# DATASET SECTION:
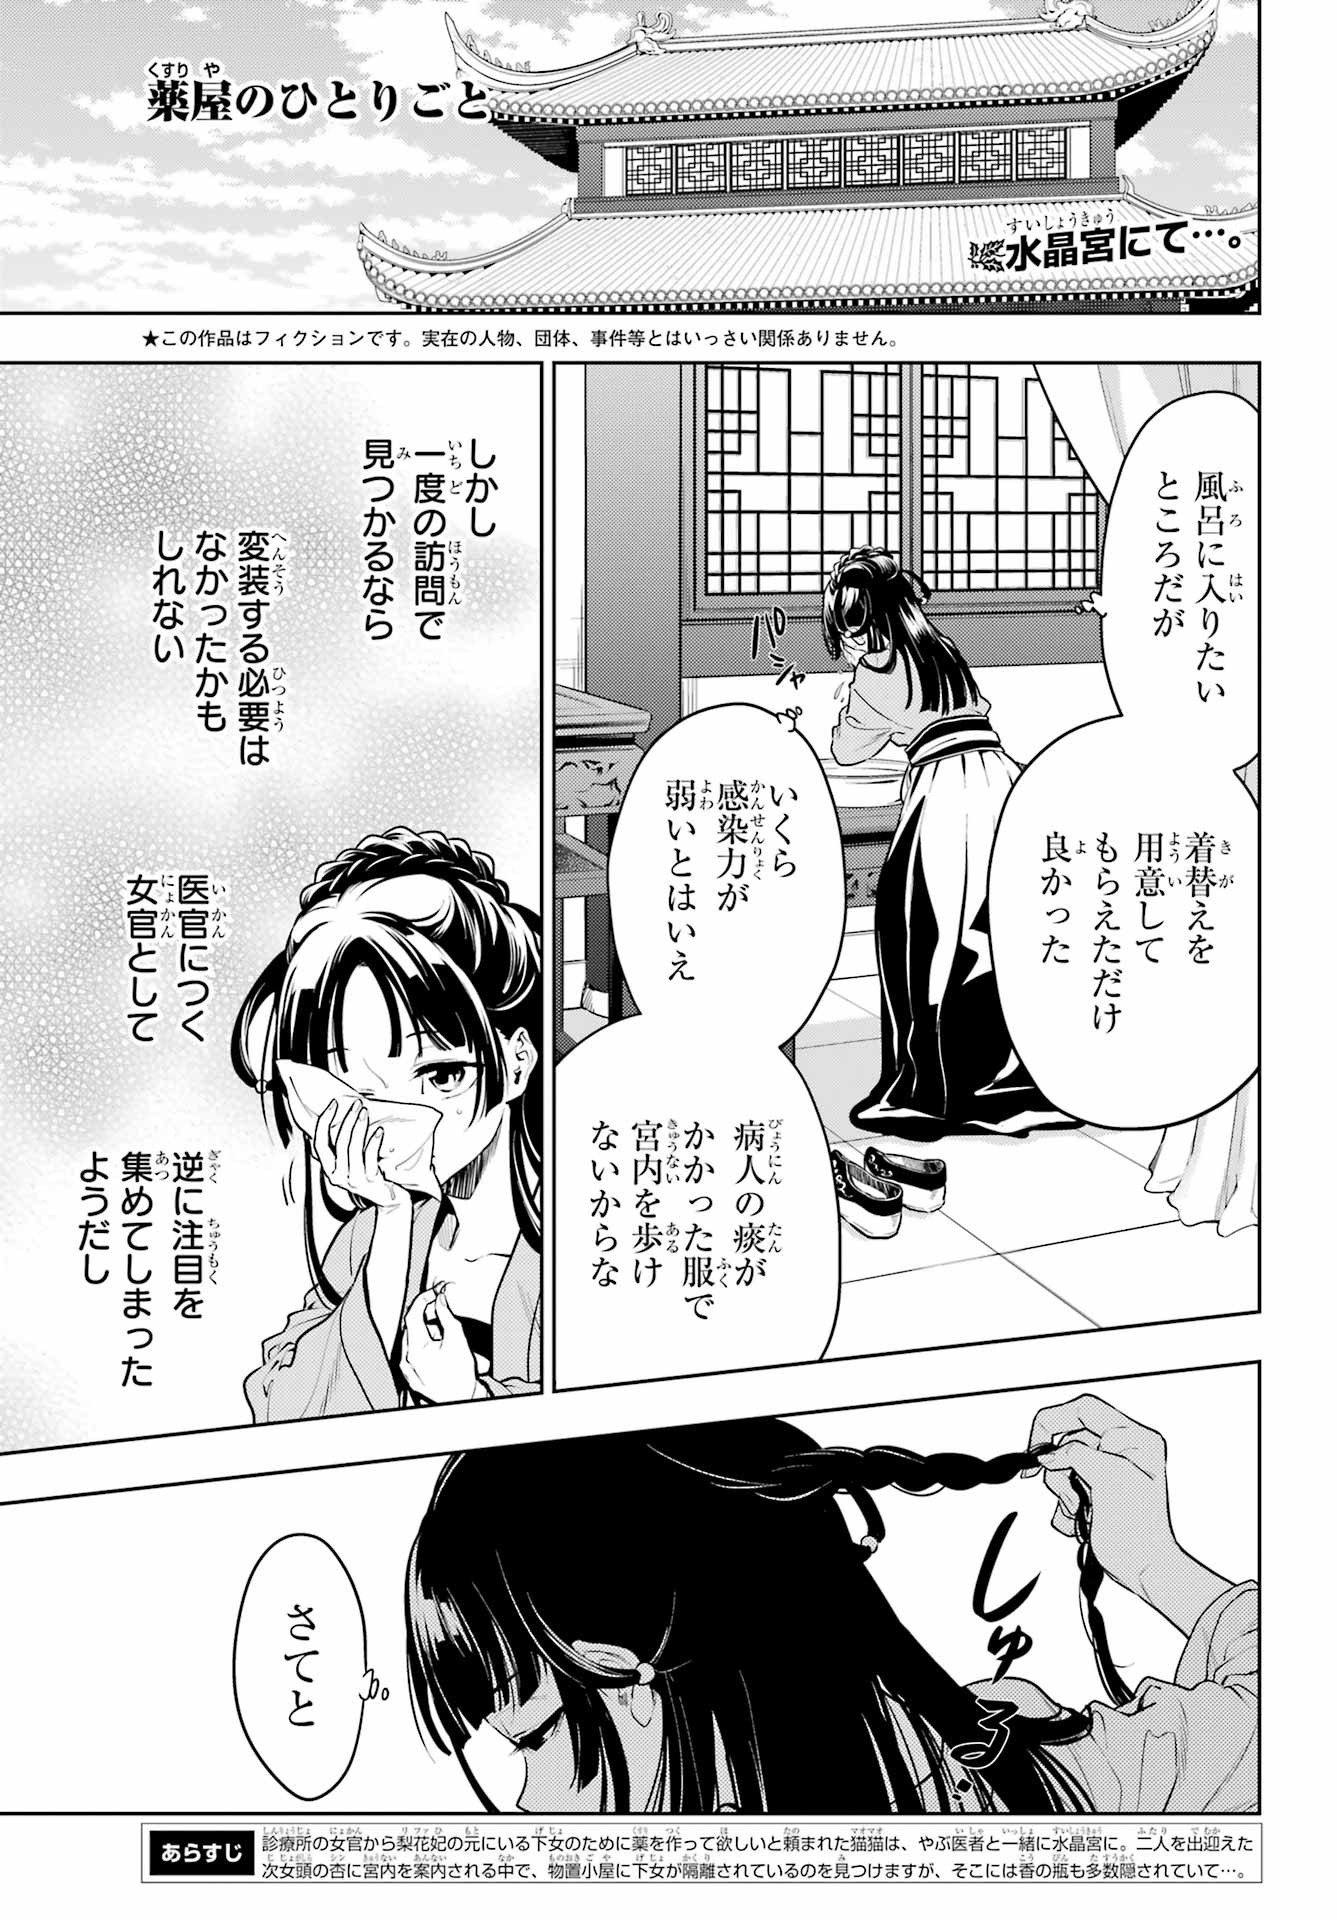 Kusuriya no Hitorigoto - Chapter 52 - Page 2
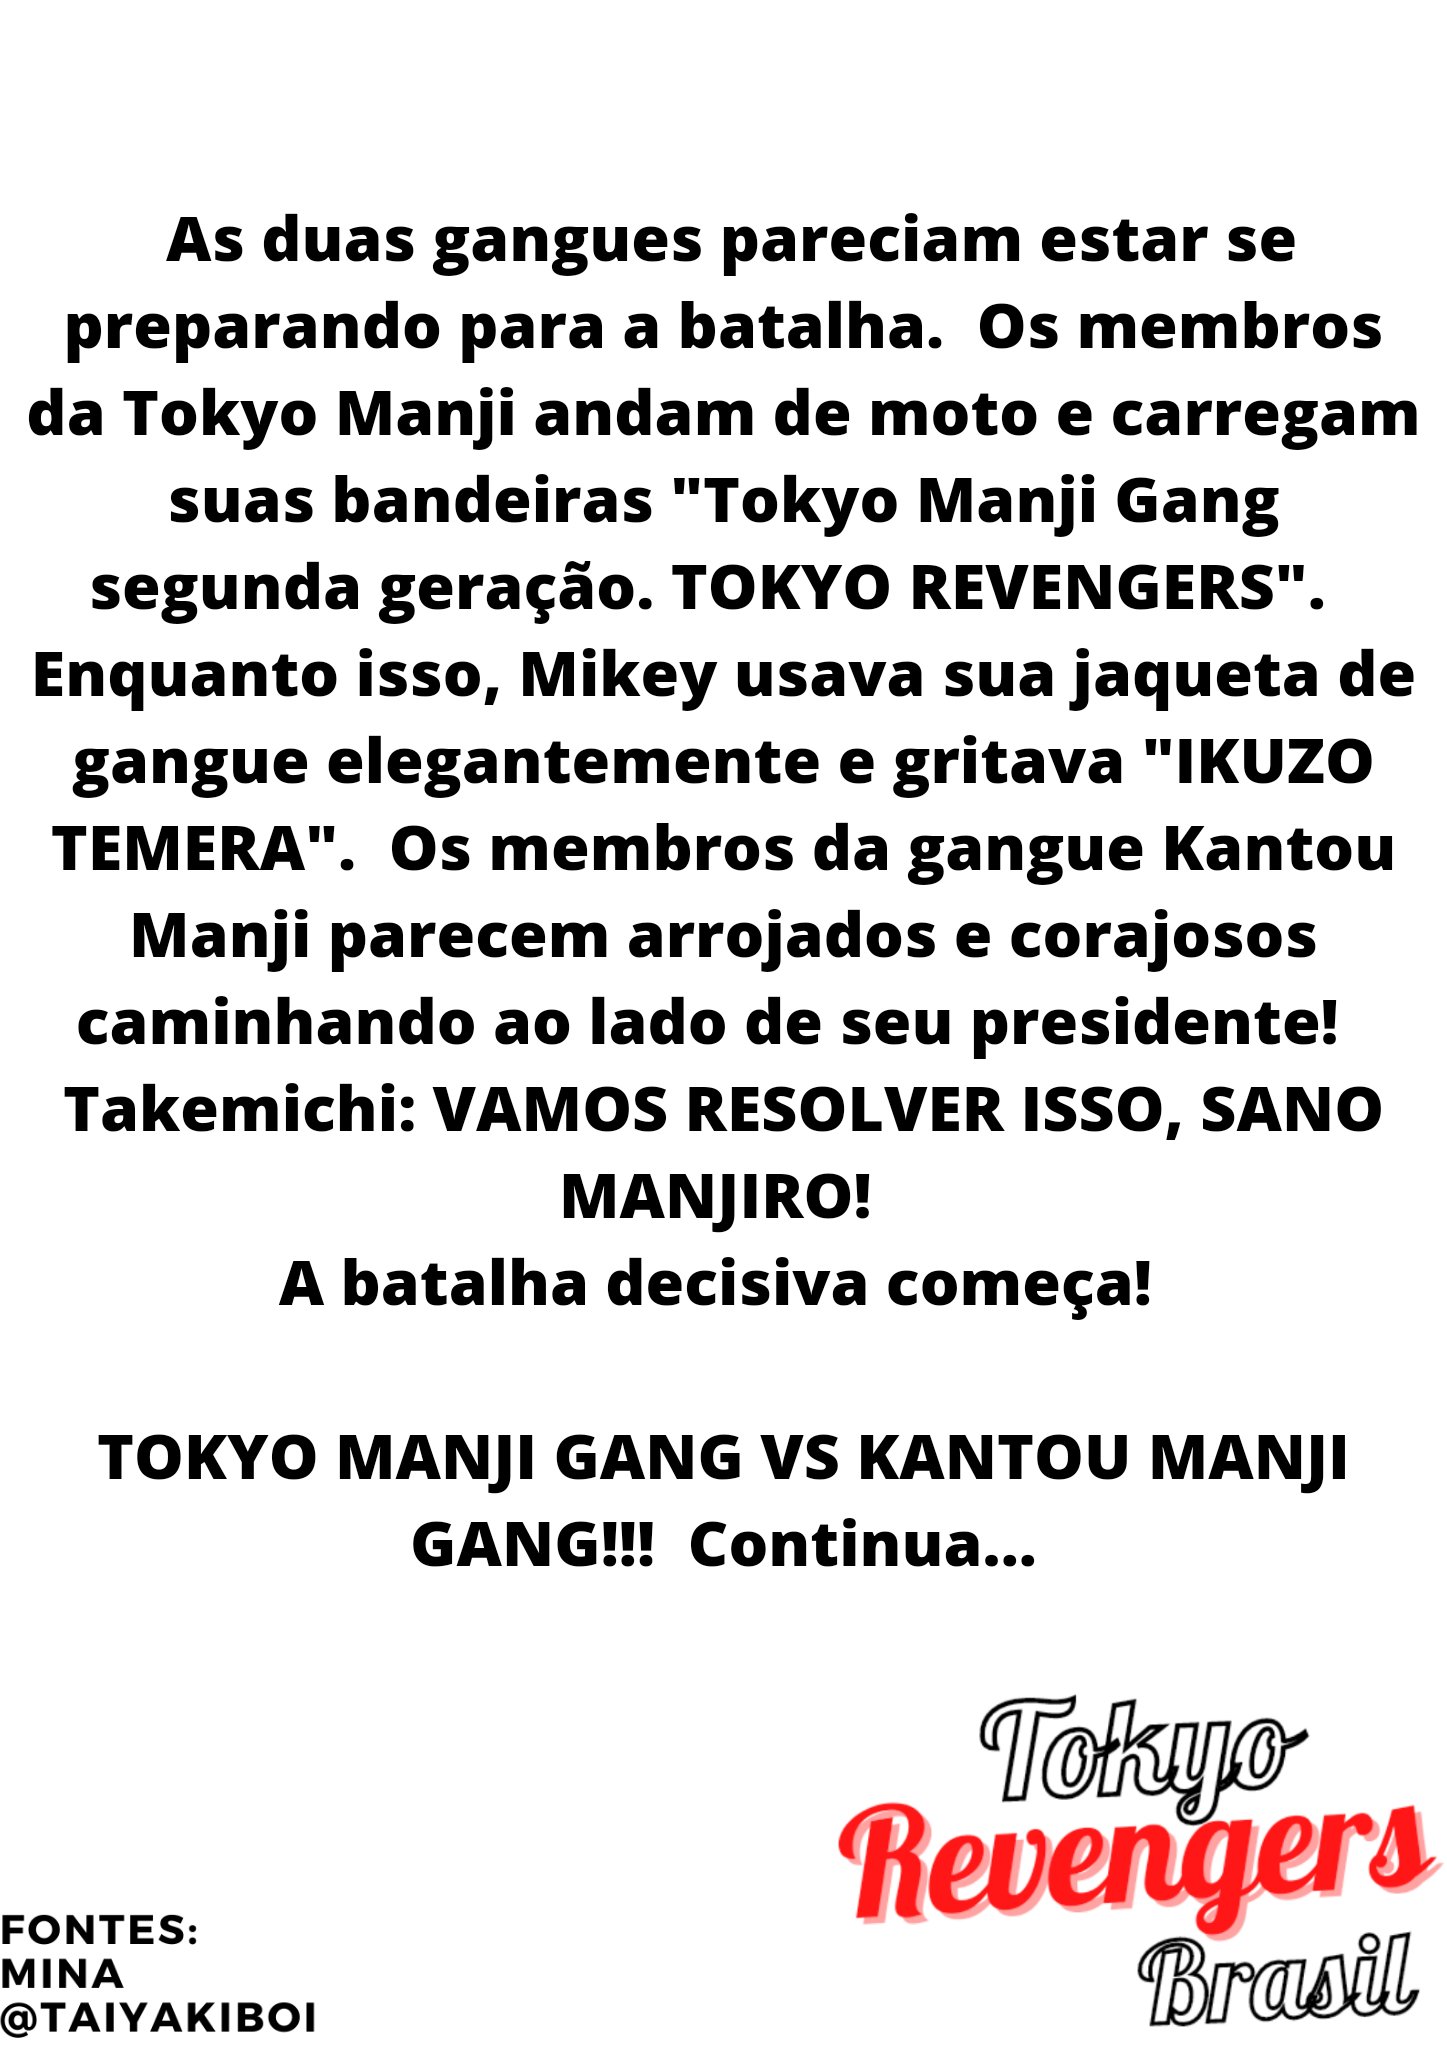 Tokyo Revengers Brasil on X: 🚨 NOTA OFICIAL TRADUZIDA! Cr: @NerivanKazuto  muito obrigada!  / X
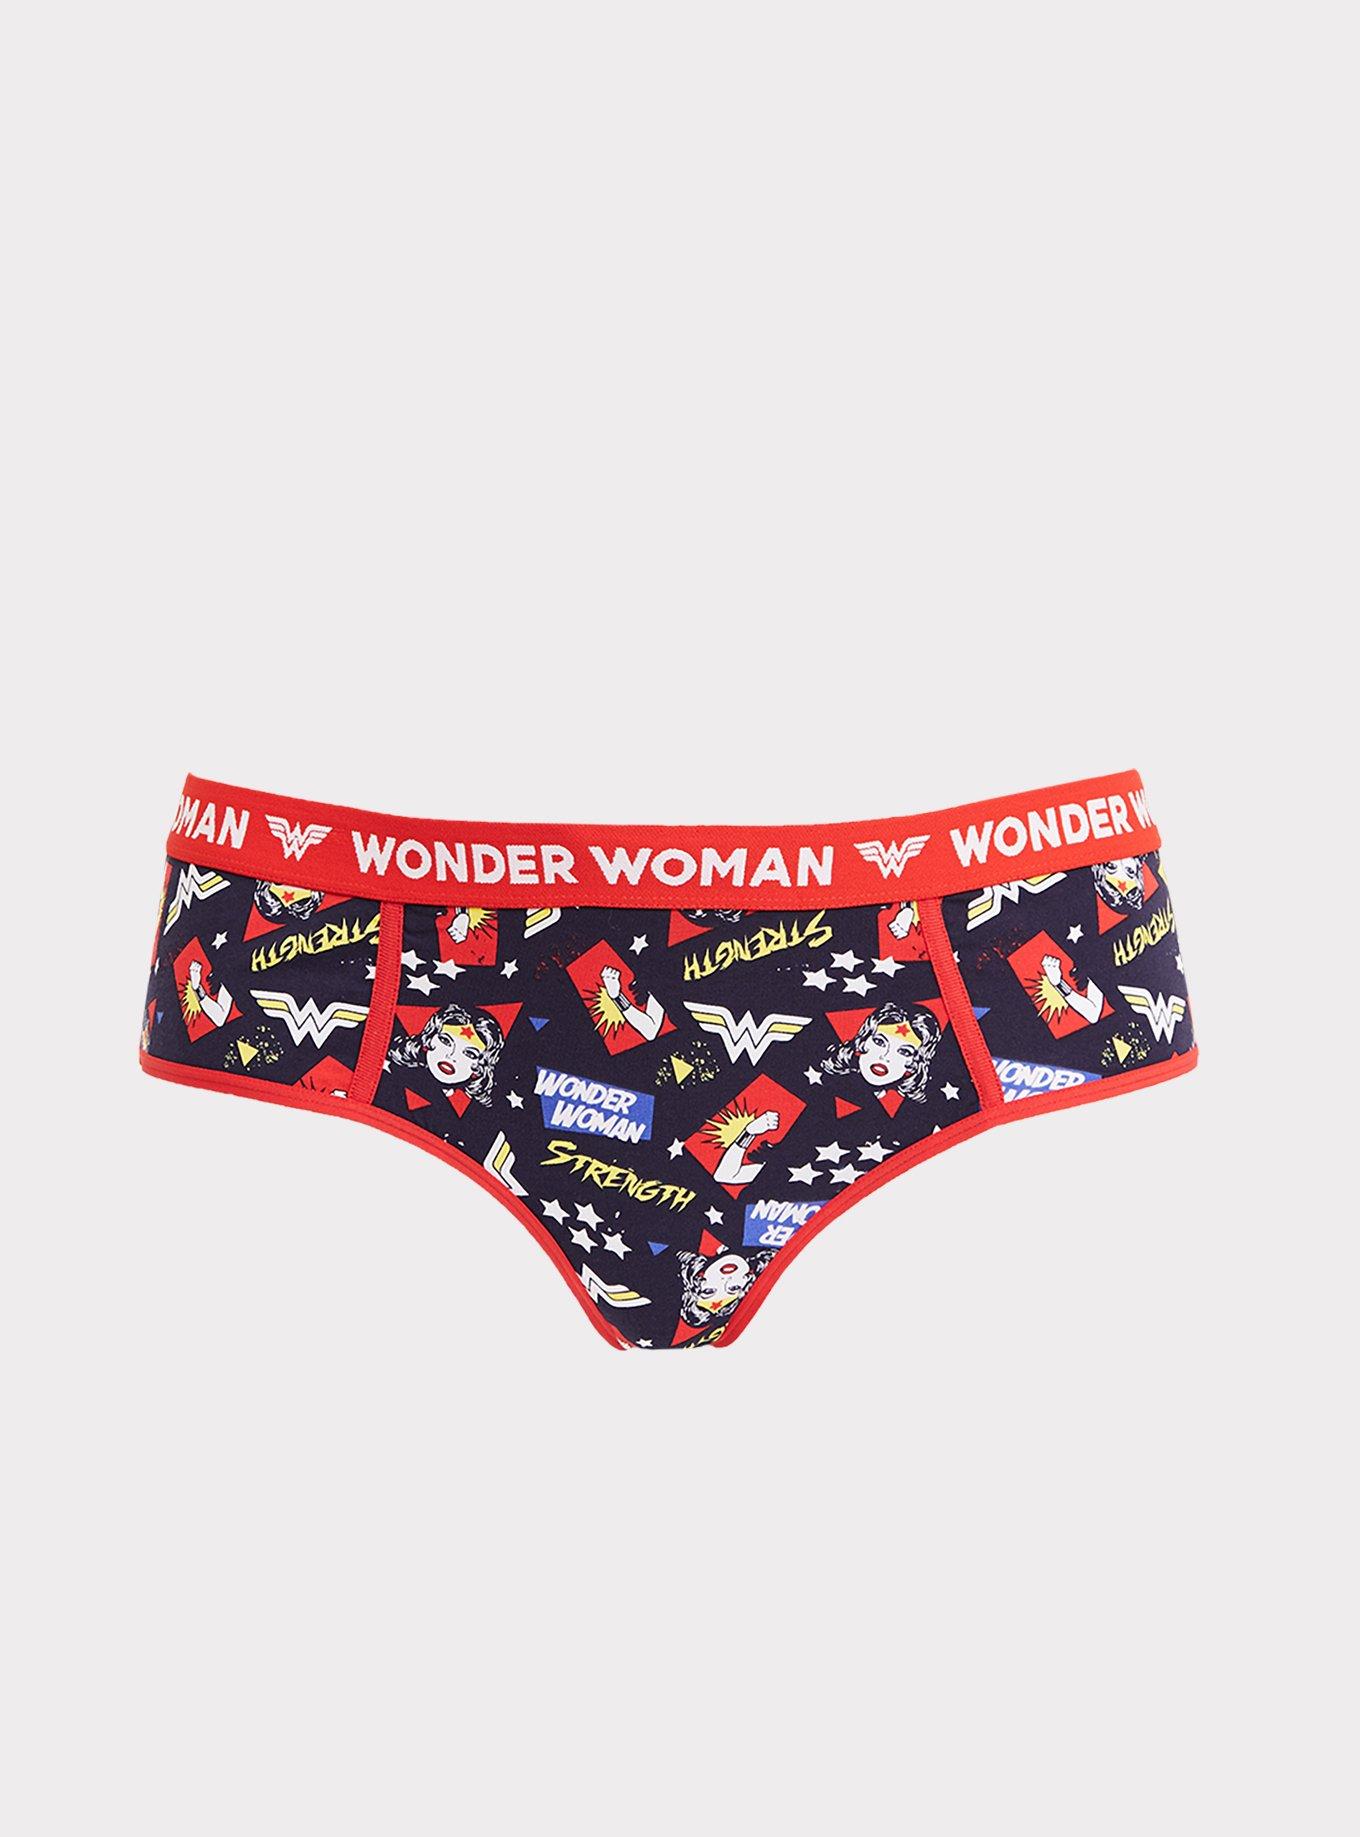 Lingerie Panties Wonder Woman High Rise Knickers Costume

# ASSIGNMENT:
All that should be printed is the lines from the one containing "Tokyo Revengers Brasil" through the last line of the material above, both ends included, exactly as they stand; please skip the pictures.

# WRITTEN REPLY:
 Tokyo Revengers Brasil on X: 🚨 NOTA OFICIAL TRADUZIDA! Cr: @NerivanKazuto  muito obrigada!  / X
 Lingerie Panties Wonder Woman High Rise Knickers Costume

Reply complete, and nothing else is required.